Role of MicroRNA-134-5p in Metabolic Syndrome-Associated Pulmonary Hypertension in Heart Failure with Preserved Ejection Fraction
Background: Pulmonary hypertension in heart failure with preserved ejection fraction (PH-HFpEF) is the most common cause of PH worldwide. It is closely linked to risk factors for metabolic syndrome, including obesity and diabetes - factors known to increase proliferation and migration of pulmonary artery smooth muscle cells (PASMCs), leading to pulmonary vascular remodeling. Qualitative studies have shown that patients with progressive vascular abnormalities develop more severe symptoms and suffer frequent hospitalization. However, underlying mechanisms involved in the regulation of pulmonary vascular remodeling in metabolic syndrome-associated PH-HFpEF are still unclear.

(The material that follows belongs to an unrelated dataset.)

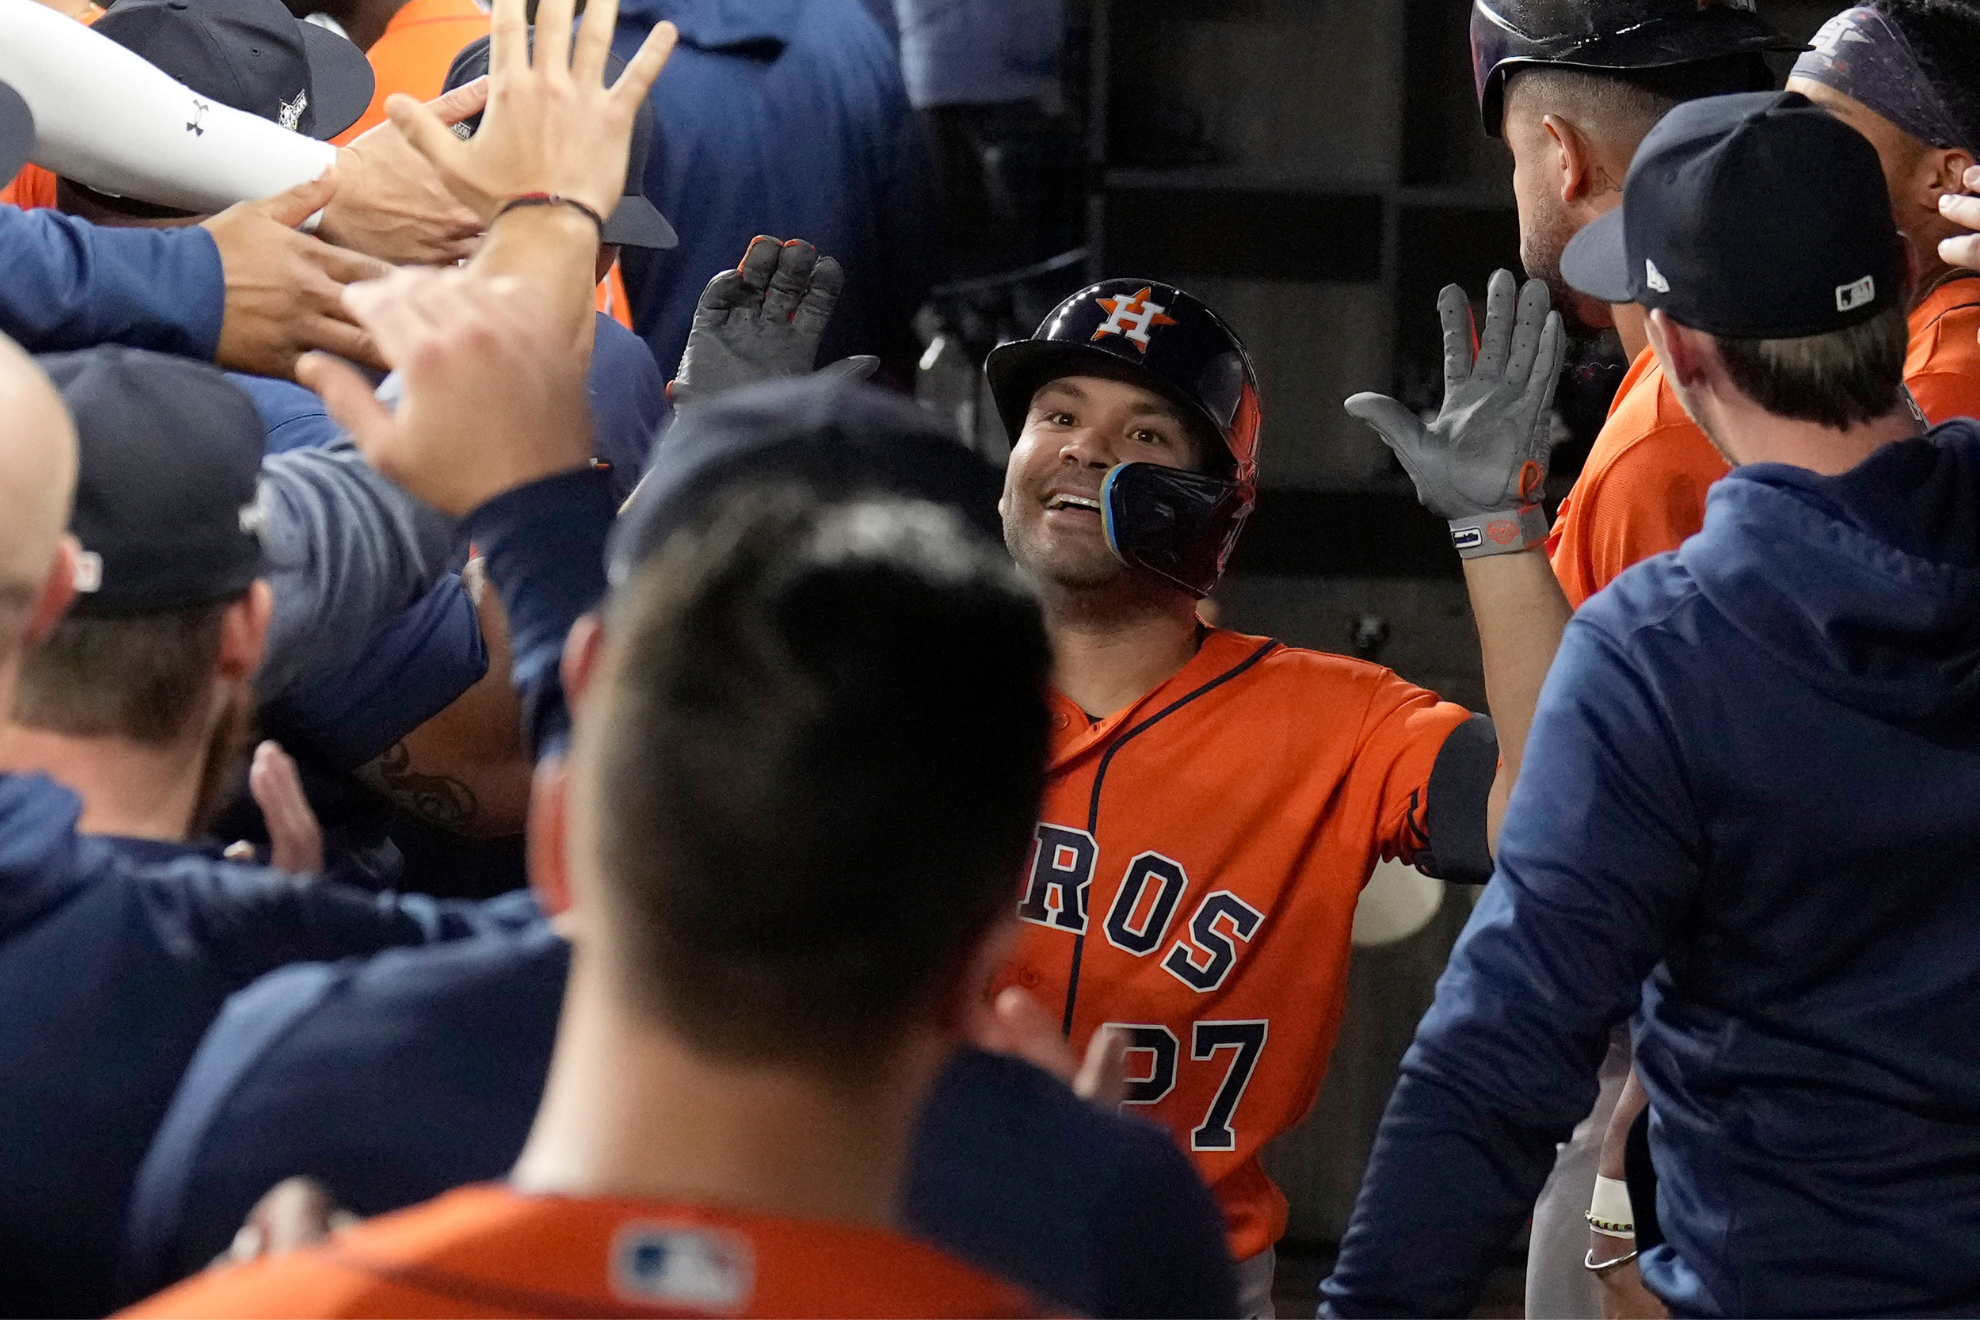 Jose Altuve got the Astros off to the ideal start.

Aim: We have recently observed decreased levels of the tumor suppressor WW domain-containing oxidoreductase (WWOX), which plays a housekeeping role in repressing cellular proliferation, in PASMCs isolated from rats with experimental PH-HFpEF and human subjects with obesity and diabetes. As microRNAs (miRNAs) have been shown to regulate WWOX expression in cancers, here we aimed at examining the involvement of miRNAs in WWOX-associated pulmonary vasculature regulation in metabolic syndrome-associated PH-HFpEF.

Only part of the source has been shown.